After rescuing the beautiful princess, Super Mario needs to find a way home -- with the princess of course :-) He's very familiar with the 'Super Mario World', so he doesn't need a map, he only needs the best route in order to save time.
There are A Villages and B Castles in the world. Villages are numbered 1..A, and Castles are numbered A+1..A+B. Mario lives in Village 1, and the castle he starts from is numbered A+B. Also, there are two-way roads connecting them. Two places are connected by at most one road and a place never has a road connecting to itself. Mario has already measured the length of every road, but they don't want to walk all the time, since he walks one unit time for one unit distance(how slow!).
Luckily, in the Castle where he saved the princess, Mario found a magic boot.

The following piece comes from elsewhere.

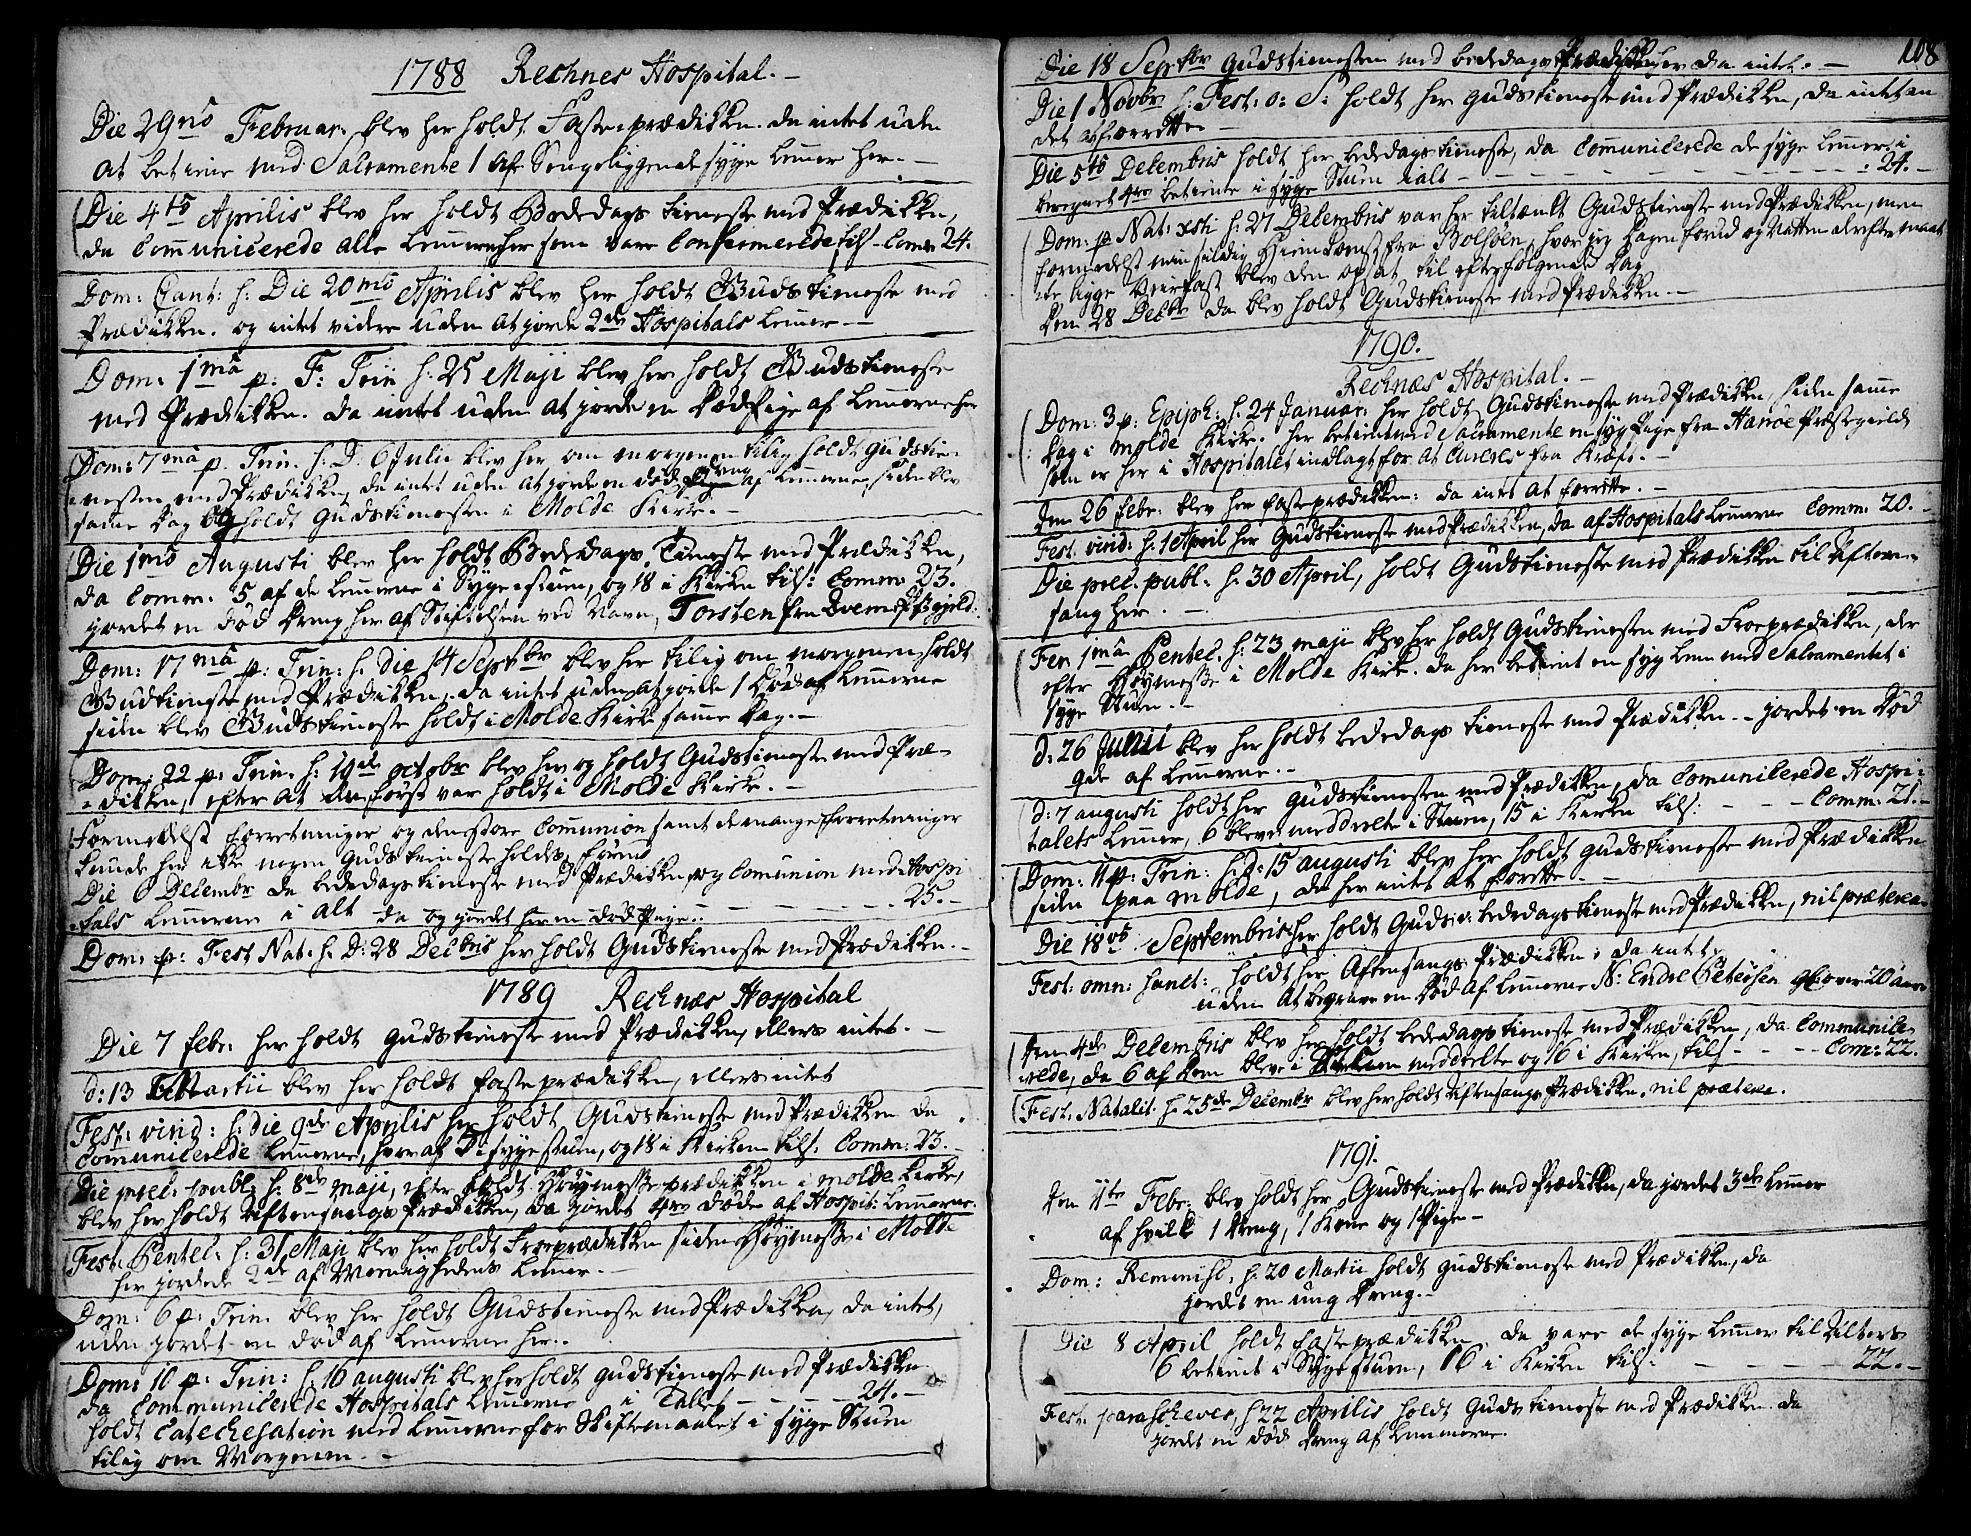 SAT, Ministerialprotokoller, klokkerbøker og fødselsregistre - Møre og Romsdal, 555/L0648: Ministerialbok nr. 555A01, 1759-1793, s. 108

If he wears it, he can super-run from one place to another IN NO TIME. (Don't worry about the princess, Mario has found a way to take her with him when super-running, but he wouldn't tell you :-P)
Since there are traps in the Castles, Mario NEVER super-runs through a Castle. He always stops when there is a castle on the way. Also, he starts/stops super-runnings ONLY at Villages or Castles.
Unfortunately, the magic boot is too old, so he cannot use it to cover more than L kilometers at a time, and he cannot use more than K times in total. When he comes back home, he can have it repaired and make it usable again.
Input
The first line in the input contains a single integer T, indicating the number of test cases. (1<=T<=20) Each test case begins with five integers A, B, M, L and K -- the number of Villages, the number of Castles(1<=A,B<=50), the number of roads, the maximal distance that can be covered at a time(1<=L<=500), and the number of times the boot can be used. (0<=K<=10) The next M lines each contains three integers Xi, Yi, Li. That means there is a road connecting place Xi and Yi. The distance is Li, so the walk time is also Li. (1<=Li<=100)
Output
For each test case in the input print a line containing a single integer indicating the minimal time needed to go home with the beautiful princess. It's guaranteed that Super Mario can always go home.
Sample Input
1
4 2 6 9 1
4 6 1
5 6 10
4 5 5
3 5 4
2 3 4
1 2 3
Sample Output
9
Source: OIBH Reminiscence Programming Contest
//floyd+dp
//先求出任意2点之间的最短距离
//dp[i][j]代表通过前i-1个点走到第 i 点,用了j次鞋子的最小时间;
//can[i][j]=1 代表该2点可以用鞋子到达
#include <iostream>
#include <stdio.h>
#include <queue>
#include <stack>
#include <set>
#include <vector>
#include <math.h>
#include <string.h>
#include <algorithm>
using namespace std;
#define N 102
#define Max 1000000000
int map[N][N];
bool can[N][N];
int dp[N][11];
int main()
{
int T;
int A,B,M,L,K;
int n;
int i,j,k;
scanf("%d",&T);
while(T--)
{
scanf("%d %d %d %d %d",&A,&B,&M,&L,&K);
n=A+B;
for(i=1;i<=n;i++)
for(j=1;j<=n;j++)
map[i][j]=Max,can[i][j]=0;
while(M--)
{
scanf("%d %d %d",&i,&j,&k);
map[i][j]=map[j][i]=k;
if(map[i][j]<=L)
can[i][j]=can[j][i]=1;
}
for(k=1;k<=n;k++)
for(i=1;i<=n;i++)
for(j=1;j<=n;j++)
if(map[i][j]>map[i][k]+map[k][j])
{
map[i][j]=map[i][k]+map[k][j];
if(k<=A&&map[i][j]<=L)
can[i][j]=1;
}
// memset(dp,0,sizeof(dp));
for(i=1;i<=n;i++)
dp[i][0]=map[1][i];
dp[1][0]=0;
int temp;
for(i=2;i<=n;i++)
{
for(j=1;j<=K;j++)
{
temp=Max;
for(k=1;k<i;k++)
if(can[k][i])
{
temp=min(temp,min(dp[k][j-1],dp[k][j]+map[k][i]));
}
else
temp=min(temp,dp[k][j]+map[k][i]);
dp[i][j]=temp;
}
}
printf("%d\n",dp[n][K]);
}
return 0;
}